どこでも最初はふっかけてきて、帰ると言うと値下げが始まる。
しかも、それでも十分に高い。
「別にいいです。」
「じゃあ銀貨3枚だ。これ以上はまけられねぇ。」
めんどくさいな・・
別に俺はお金には困ってない。
その値段でもここに一生住めるだけの蓄えもあるし、これからもっと稼げる。
正直俺にとっては小銭だ。
だけど、問題はそこではない。
宿は休む場所なんだよ。
こんなやつらがいる場所で寛げるとは思えない。
部屋に泥棒とか入りそうだし。
食事の度にストレスが溜まりそうだ。
俺は拠点を移すことを諦めた。
今の王都の宿に不満はない。
魔力は溢れるほどあるから、転移で来れば何の問題もないからね。
宿を諦めた俺は道具屋を探した。
ちょこちょこと作ってた回復薬をこちらで売ろうと思ったんだ。
王都では俺が売りまくったせいで、一時期飽和状態にしちゃったからね。
こちらでも売れるだろうから溜まってる分を売り捌きたい。
今までの感じから全く期待出来ないんだけどさ。
俺は大通りで見付けた大きめの道具屋に入ると、まずは回復薬の売値を確認する。
どうやら王都よりも高いらしい。
1.5倍から2倍くらいありそうだ。
思った通りだね。
次にカウンターにいる店主に回復薬の買い取りを頼んだ。
持ち込んだのはもちろんレベル10の回復薬で、王都なら金貨200枚が相場だ。
漬け込み度が増えてるからもっといくかな?
「金貨100枚?これが?」
「あぁ、売らないなら帰んな。」
道具屋の主人が宿屋の主人と同じ事を言ってる。
これがこの辺の決まり文句なのか?
嫌な決まり文句だな。
「売値は相当高いみたいだけど、買値はそんなに安いの?」
「あ?回復薬は腐りやすいんだよ。

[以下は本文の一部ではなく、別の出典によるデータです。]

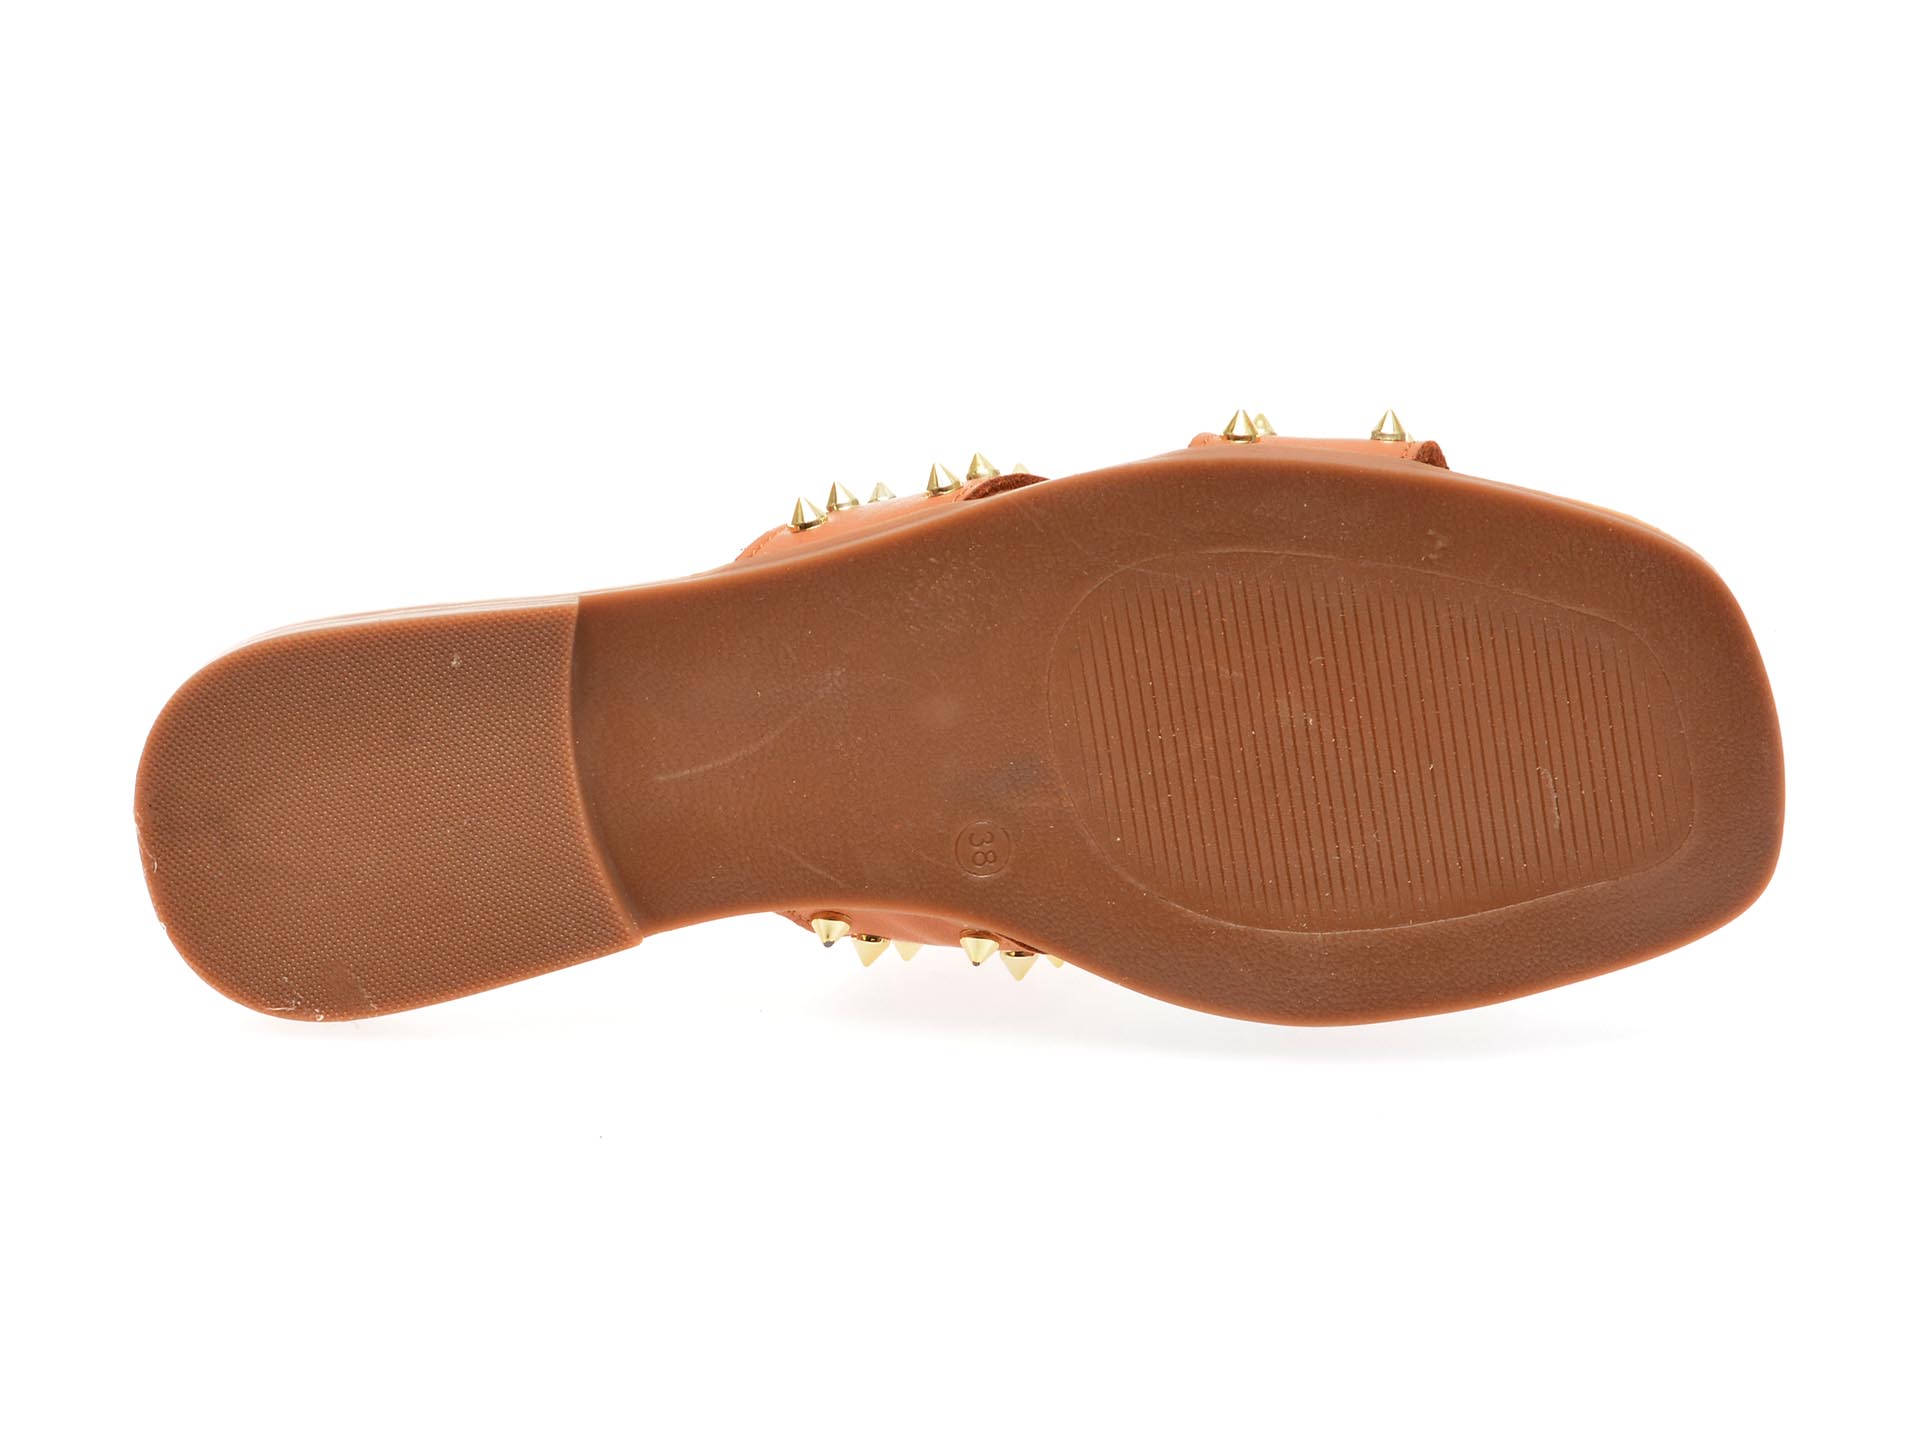 Papuci casual GRYXX maro, 231360, din piele naturala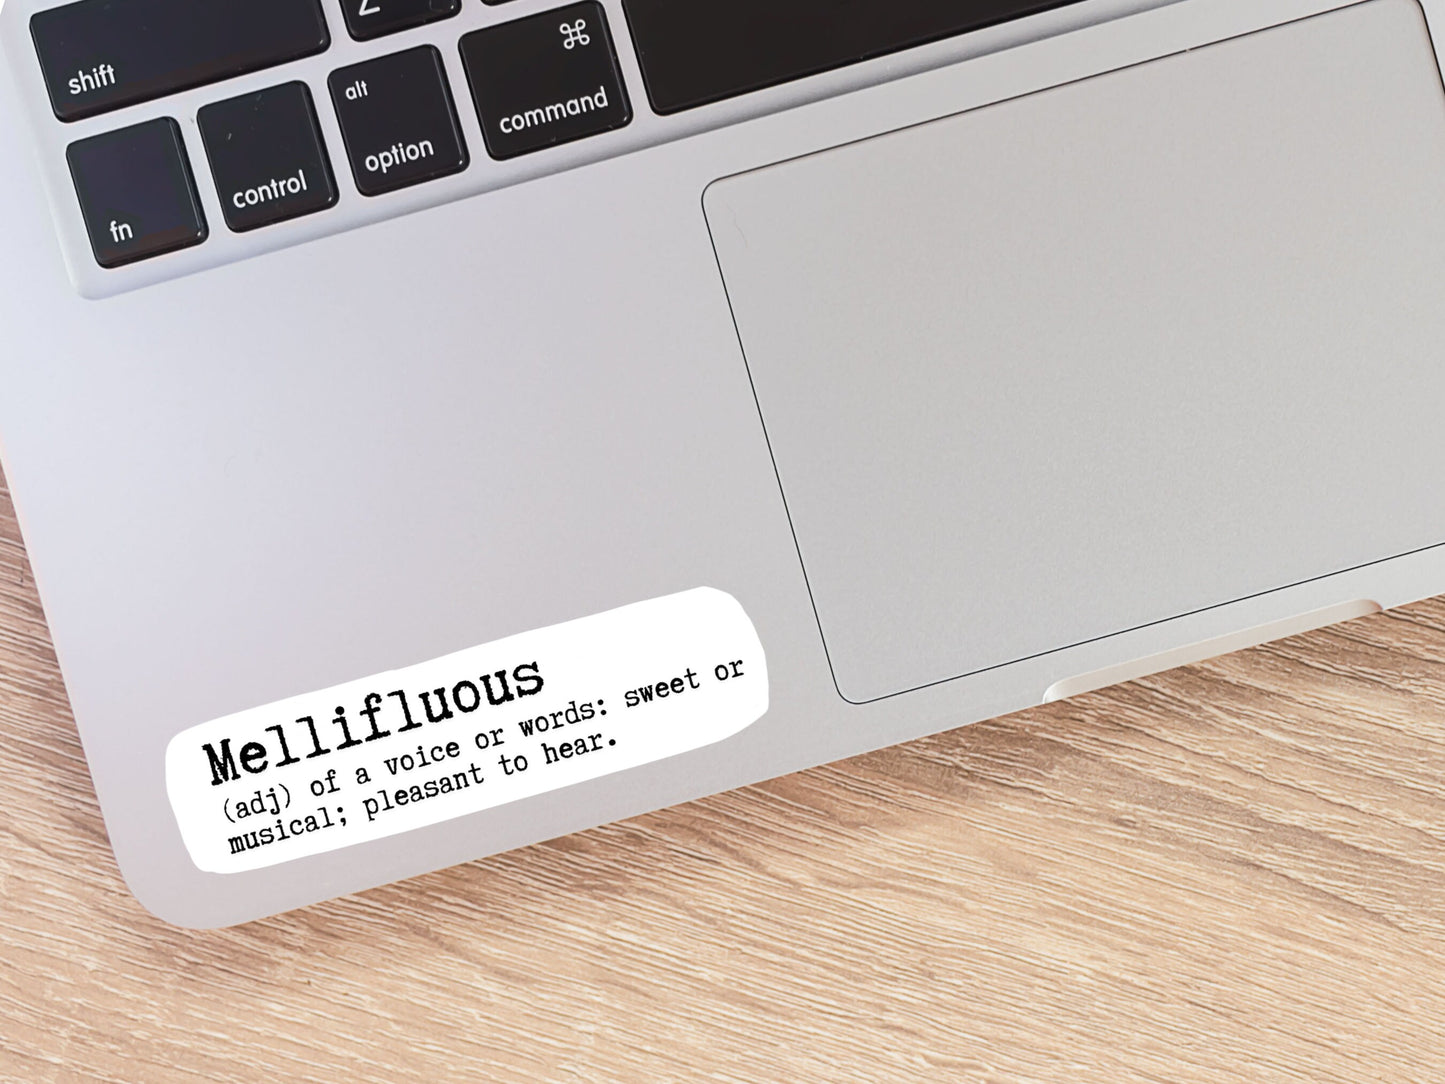 Mellifluous Definition Sticker | Dictionary Decal | Laptop Sticker

買っても腐るんじゃ値段に差が出るのは当たり前だろ。そんなことも知らねぇのか。」
知ってるよ。
それでも在庫を抱えてるだけで価値が増えていくんだ。
それでトントンだろ。
それとも・・
この国は衛生的にも汚そうだから腐りやすいのか?
ありそうだな。
ホントに色々最低の国だ。
「金貨200枚なら売るけど?」
「ふざけんな。じゃあプラス金貨50枚だ。それ以上は出さねぇぞ。」
俺、この国嫌いだ。
回復薬はこの店で売ってしまった。
これ以上めんどくさい会話を繰り返したくないからね。
俺の精神衛生上よろしくない。
俺は道具屋を出ると、東の海岸を目指して進んだ。
万が一ライアン達がここを通り過ぎていた場合も考えて、先の方を探しておく。
まだたどり着いていないなら首都で待てば合流出来るけど、通り過ぎていてもわざわざ戻ってはこないだろう。
まぁまだ首都に着いてないだけだと思うけどね。
日程的にもまだだし、途中の街道の荒れ具合を見ても進むのは遅そうだ。
荒れ地だよ。
あの街道は。
馬車で通ったらすぐ壊れると思うな。